The reply should consist solely of the lines from the one with "Fauci says U.S." through the final line of the listing, copied exactly, with no pictures.

» **THE DATA**
++++++++

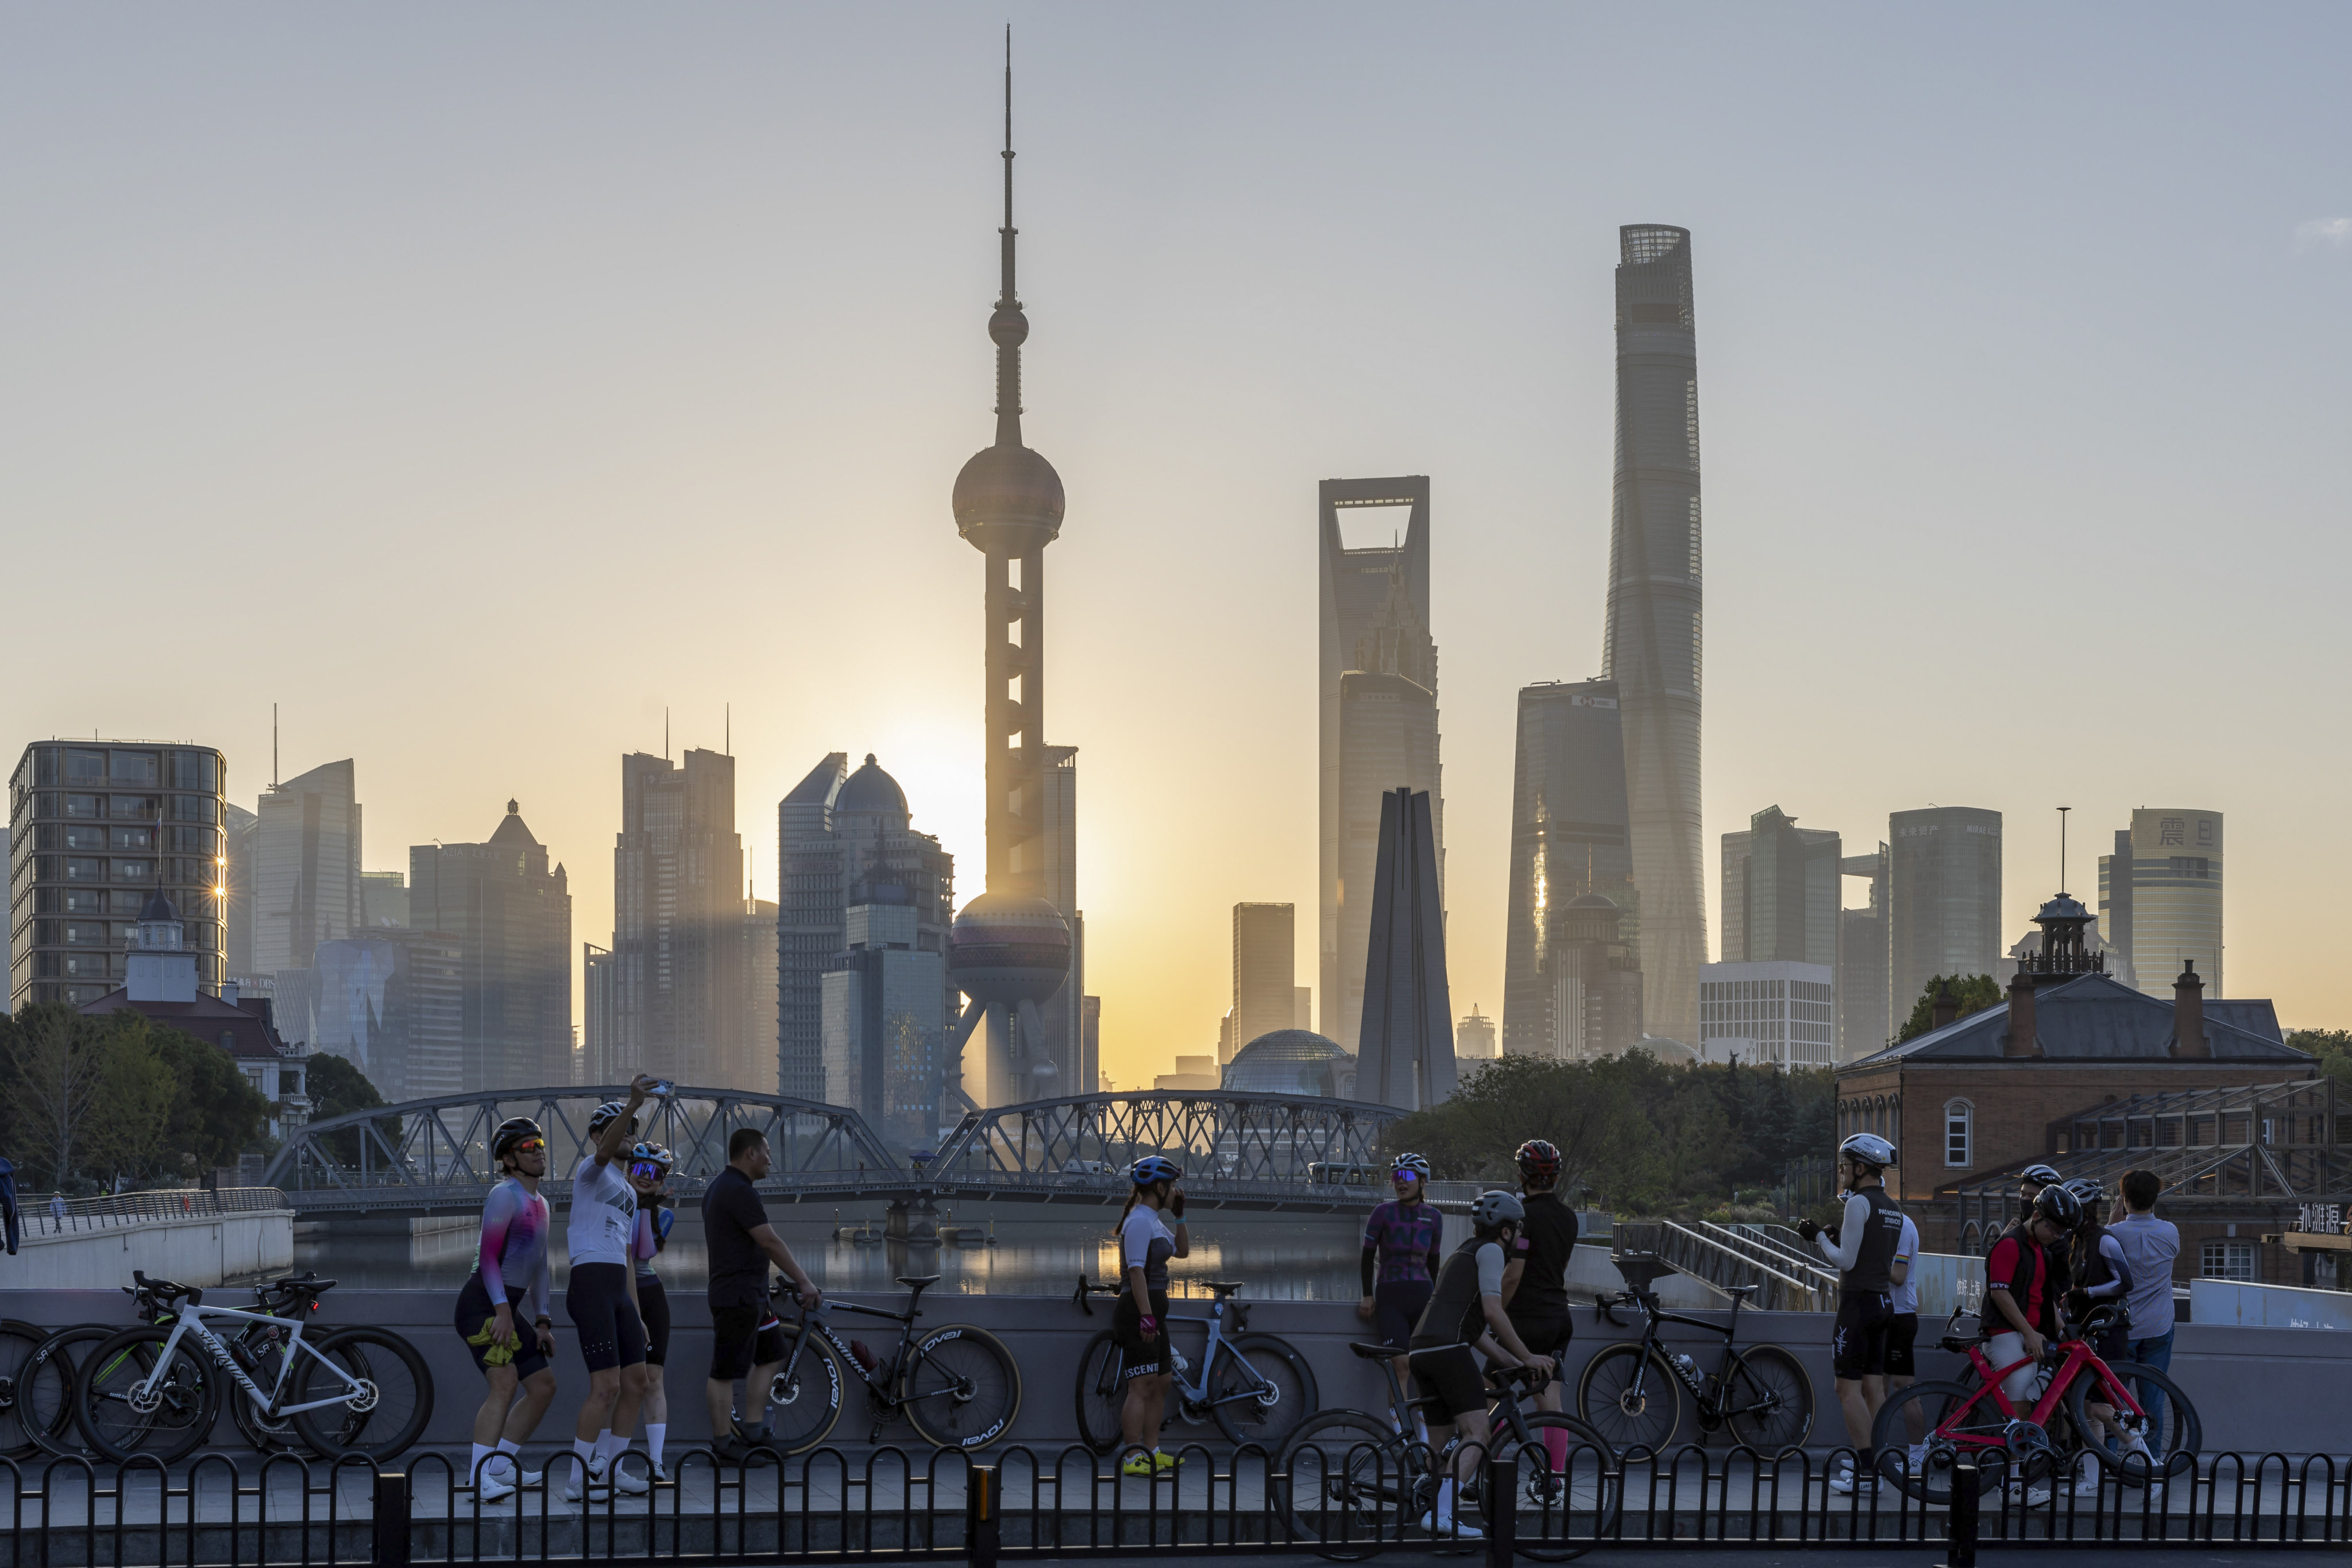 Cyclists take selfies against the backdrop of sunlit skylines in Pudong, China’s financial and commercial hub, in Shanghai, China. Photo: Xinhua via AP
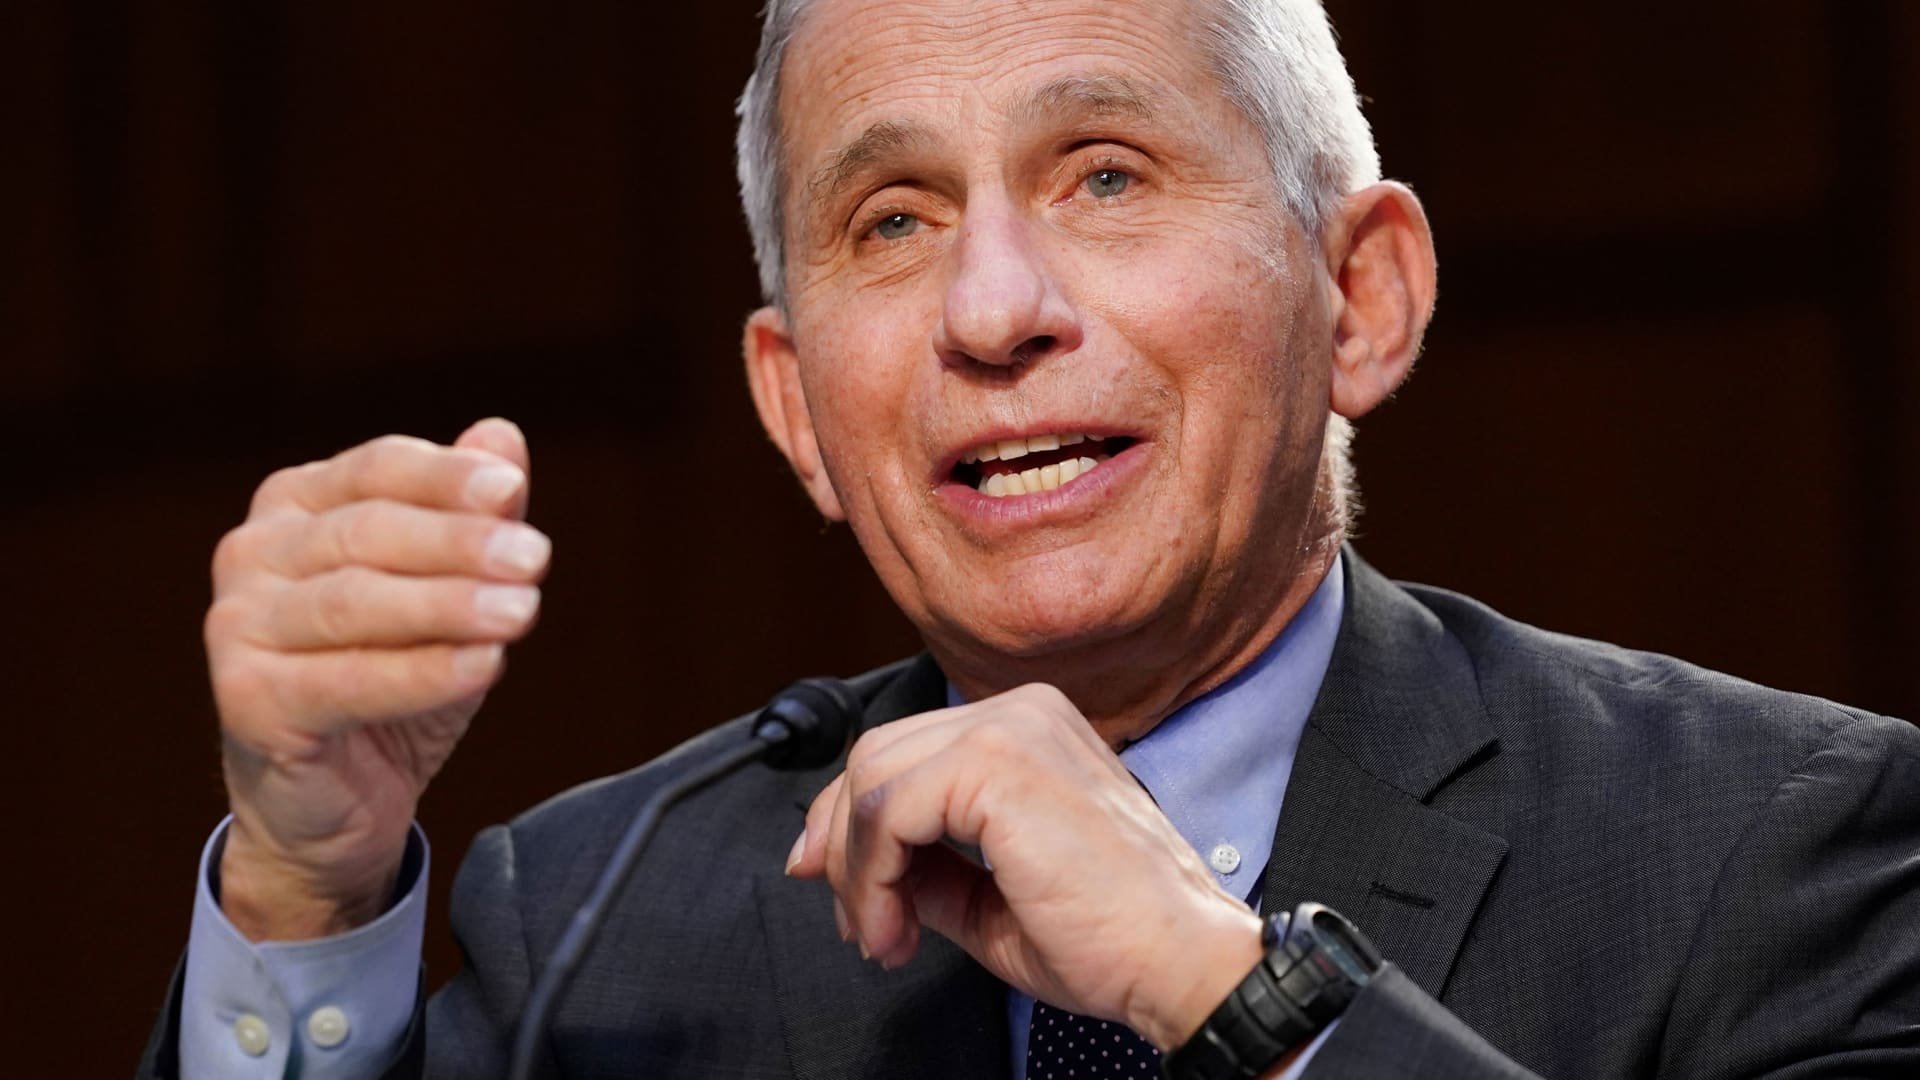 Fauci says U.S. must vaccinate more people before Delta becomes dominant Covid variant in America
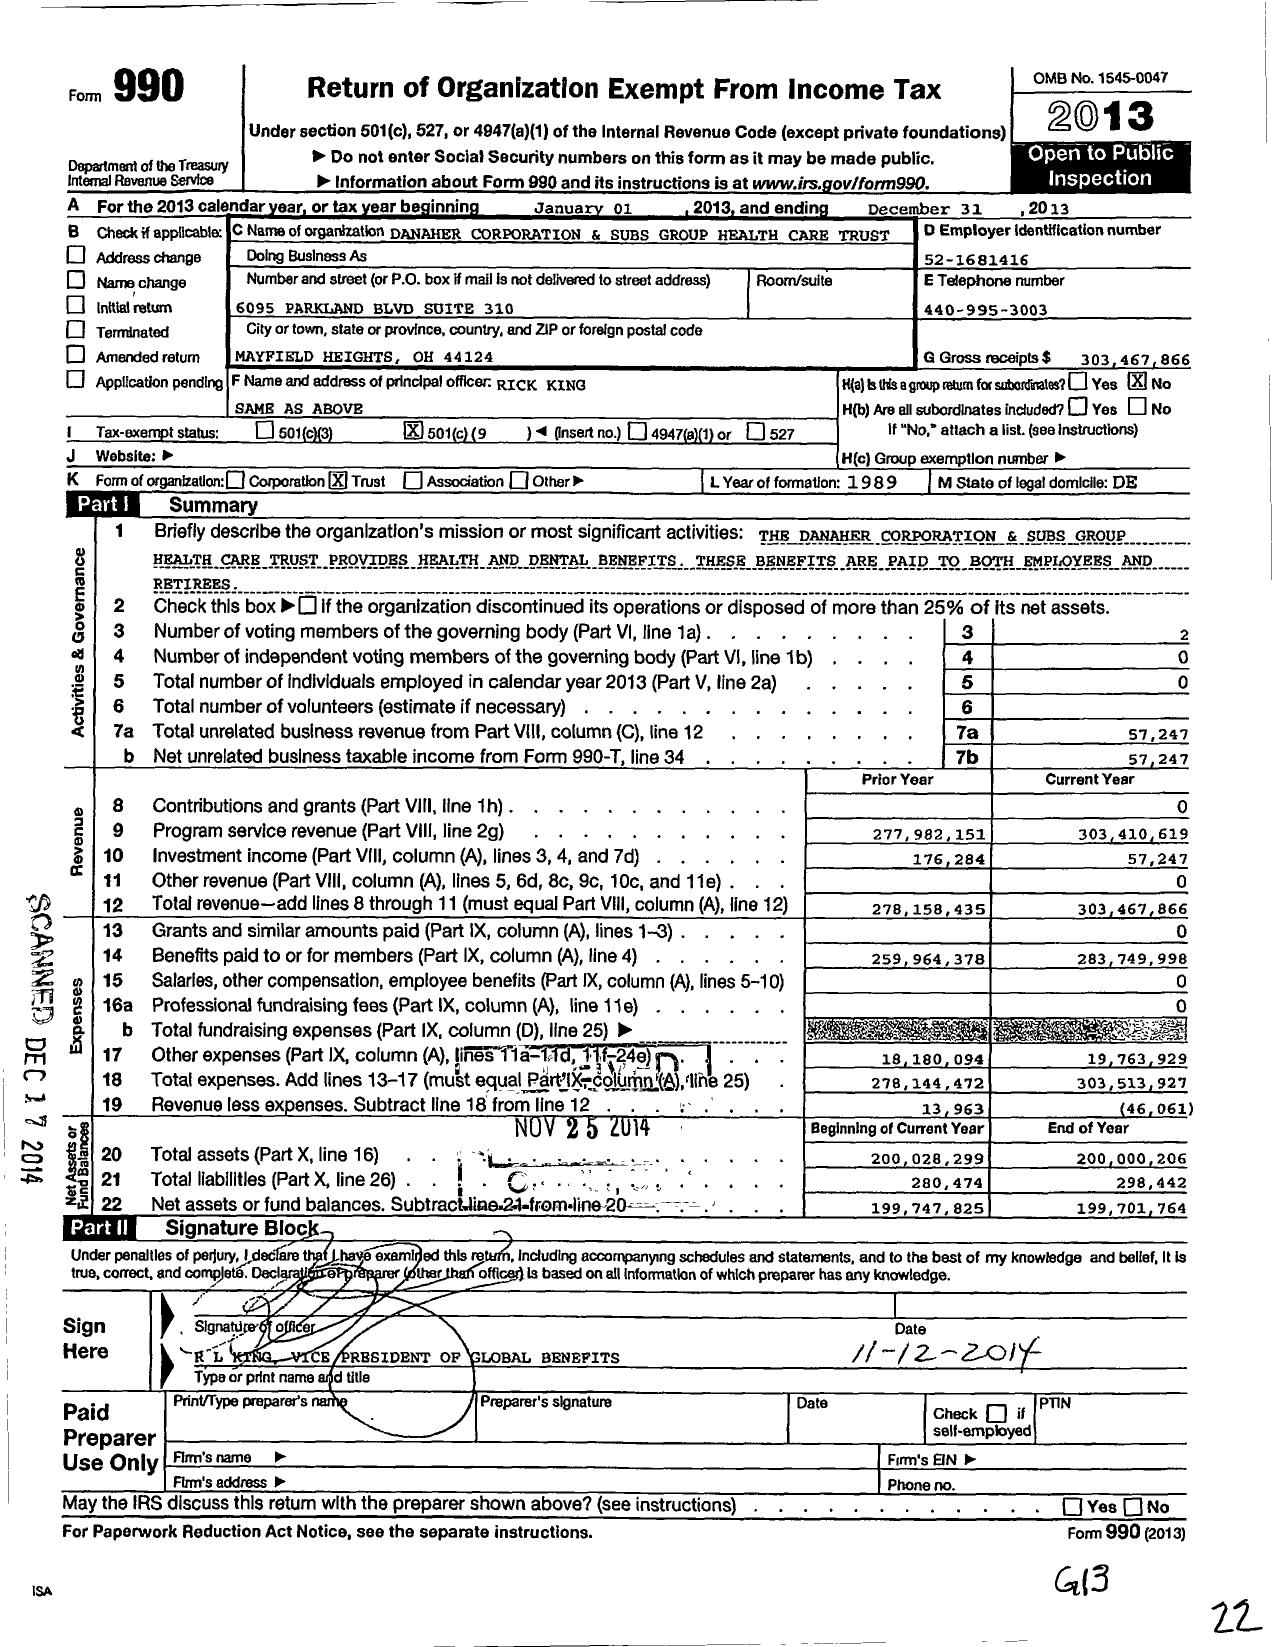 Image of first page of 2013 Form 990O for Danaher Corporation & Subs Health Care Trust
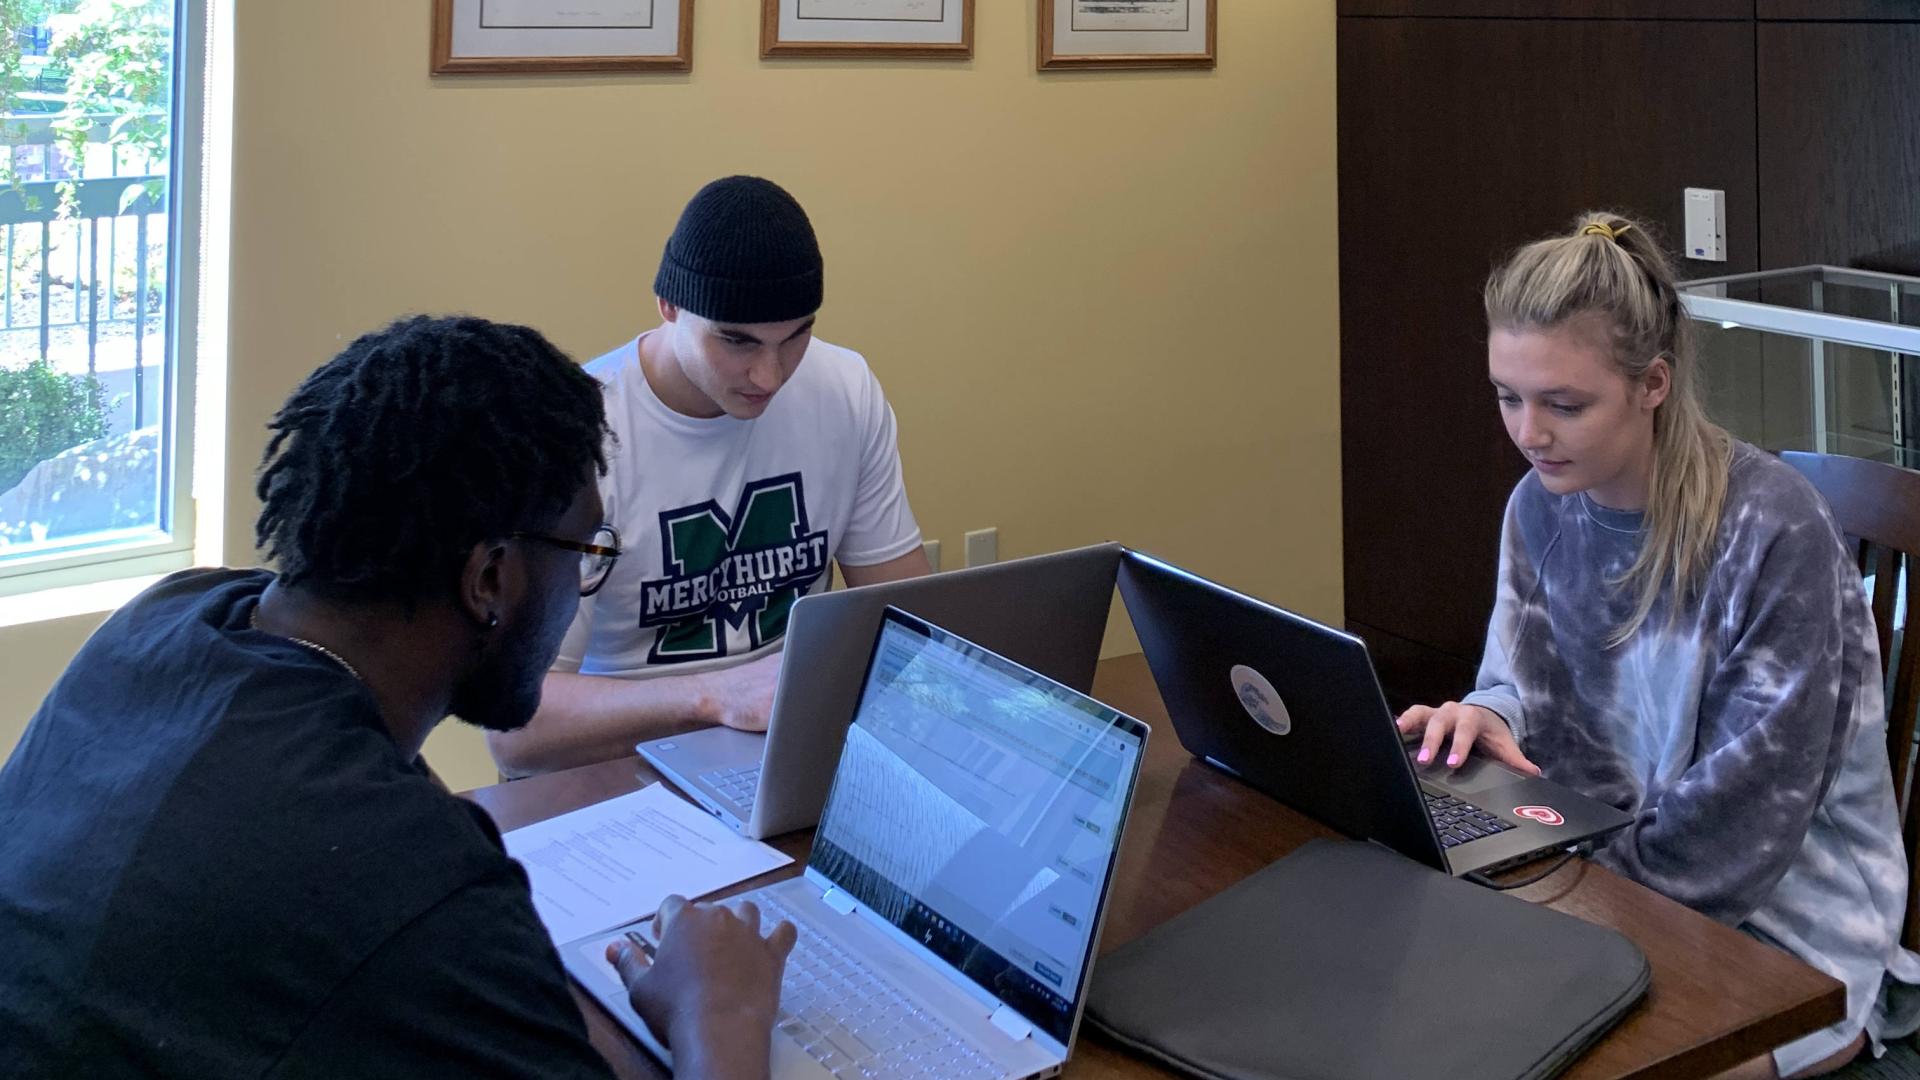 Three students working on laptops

++++++++

» **EXPECTED ANSWER**
 Fauci says U.S. must vaccinate more people before Delta becomes dominant Covid variant in America
 Image of first page of 2013 Form 990O for Danaher Corporation & Subs Health Care Trust
 Three students working on laptops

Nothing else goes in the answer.